Sehr geehrte Frau Hahn,

zufällige Informationen generieren auch viel Halbwissen. Sie nehmen die einzelnen Ihnen passenden Satzstücke aus dem Zusammenhang und stellen sie in einen von Ihnen konstruierten Kontext. Sowohl das Interview mit Maria Vassilakou, wenn man es zu Ende liest, als auch dieses einfach zu findende Positionspapier der Grünen Partei in Österreich ( http://www.gruene.at/uploads/media/gruene_integrationsleitlinien.pdf ) widersprechen Ihren Annahmen und machen Ihren Jubel über baldige Abschiebung zunichte.

Es gibt keine Multi-Kulti-Ideologie, auf deren Tod Sie offensichtlich sehnsüchtig warten.
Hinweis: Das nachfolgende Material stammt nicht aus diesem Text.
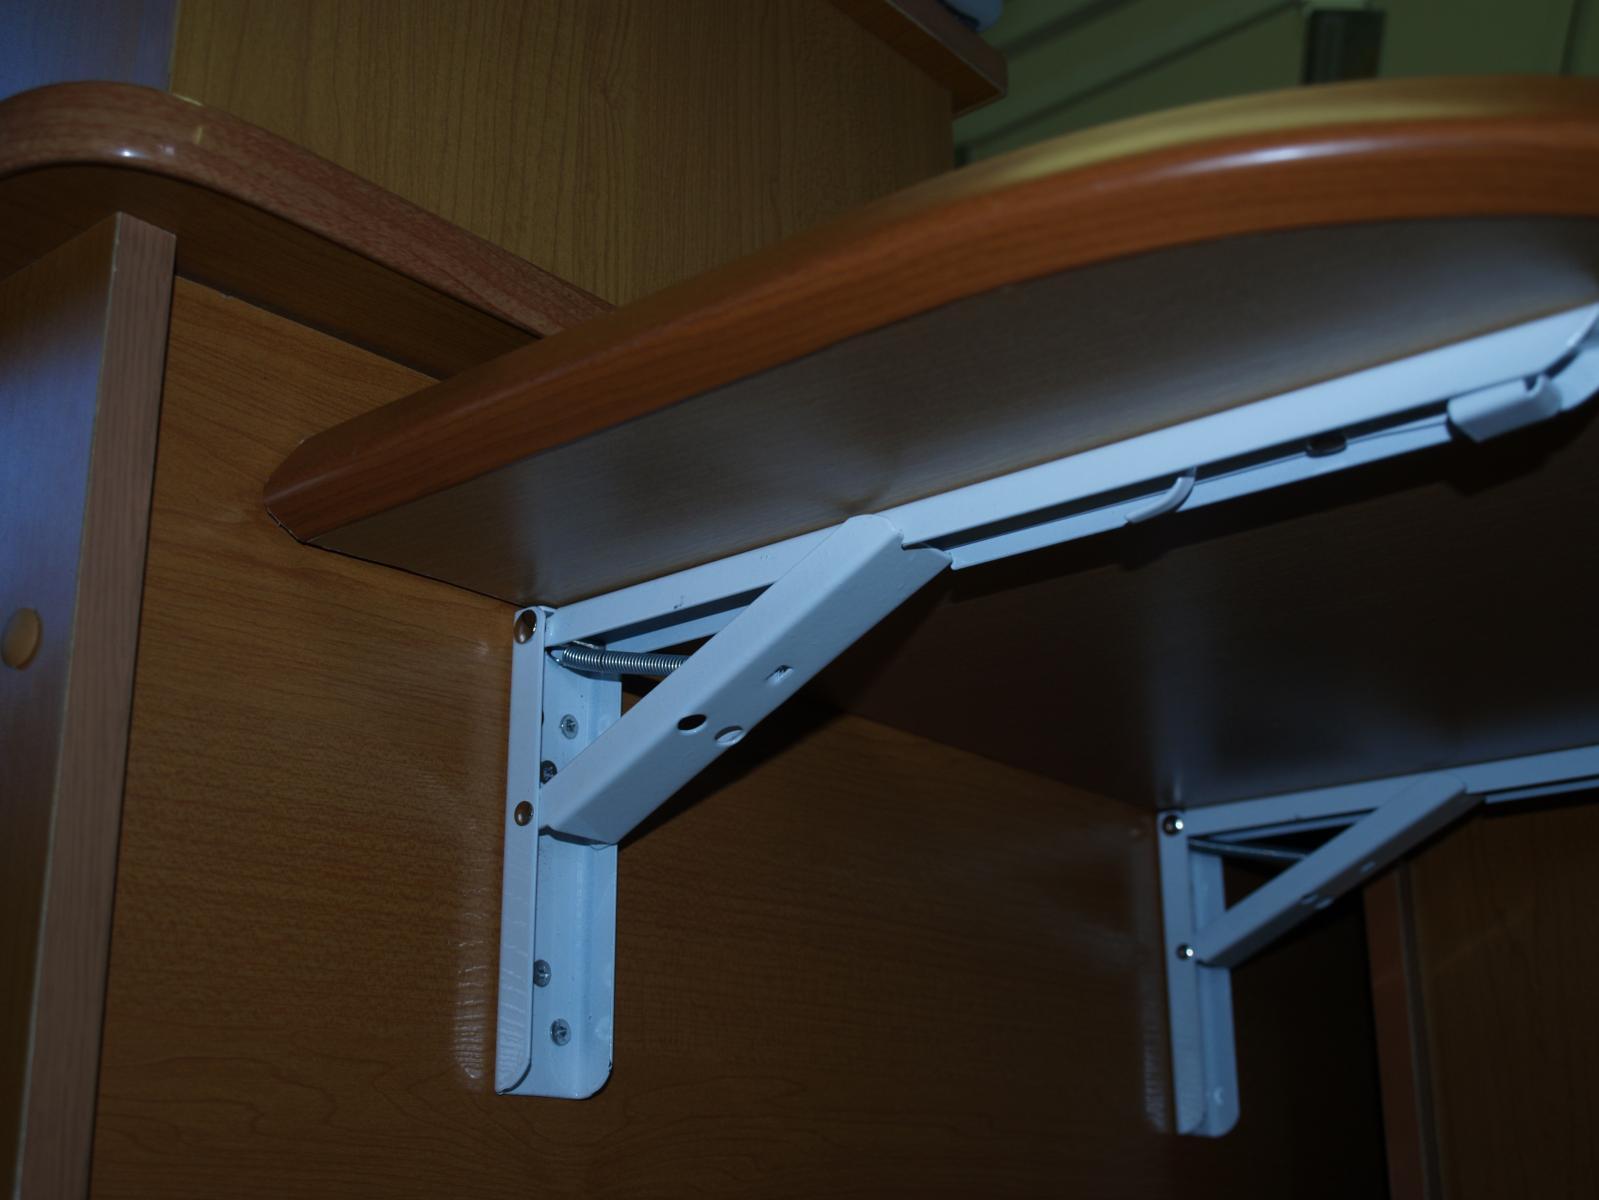 Петли для кухни: подбор, установка и настройка obustroeno.co.

Aber es gibt eine multikulturelle Realität in unserem Land wie auch in Österreich, deren demokratische Gestaltung harte Arbeit und kluge Konzepte erfordert. Diese Arbeit können nur realitätstüchtige und zukunftsgewandte politische und gesellschaftliche Kräfte wie die Grünen in Deutschland und Österreich leisten. Keine Politikerin oder kein Politiker ist zum Schutz Ihrer Identität verpflichtet. Ihre Identität ist nur von Ihnen persönlich zu pflegen oder zu schützen, sie geht niemanden an.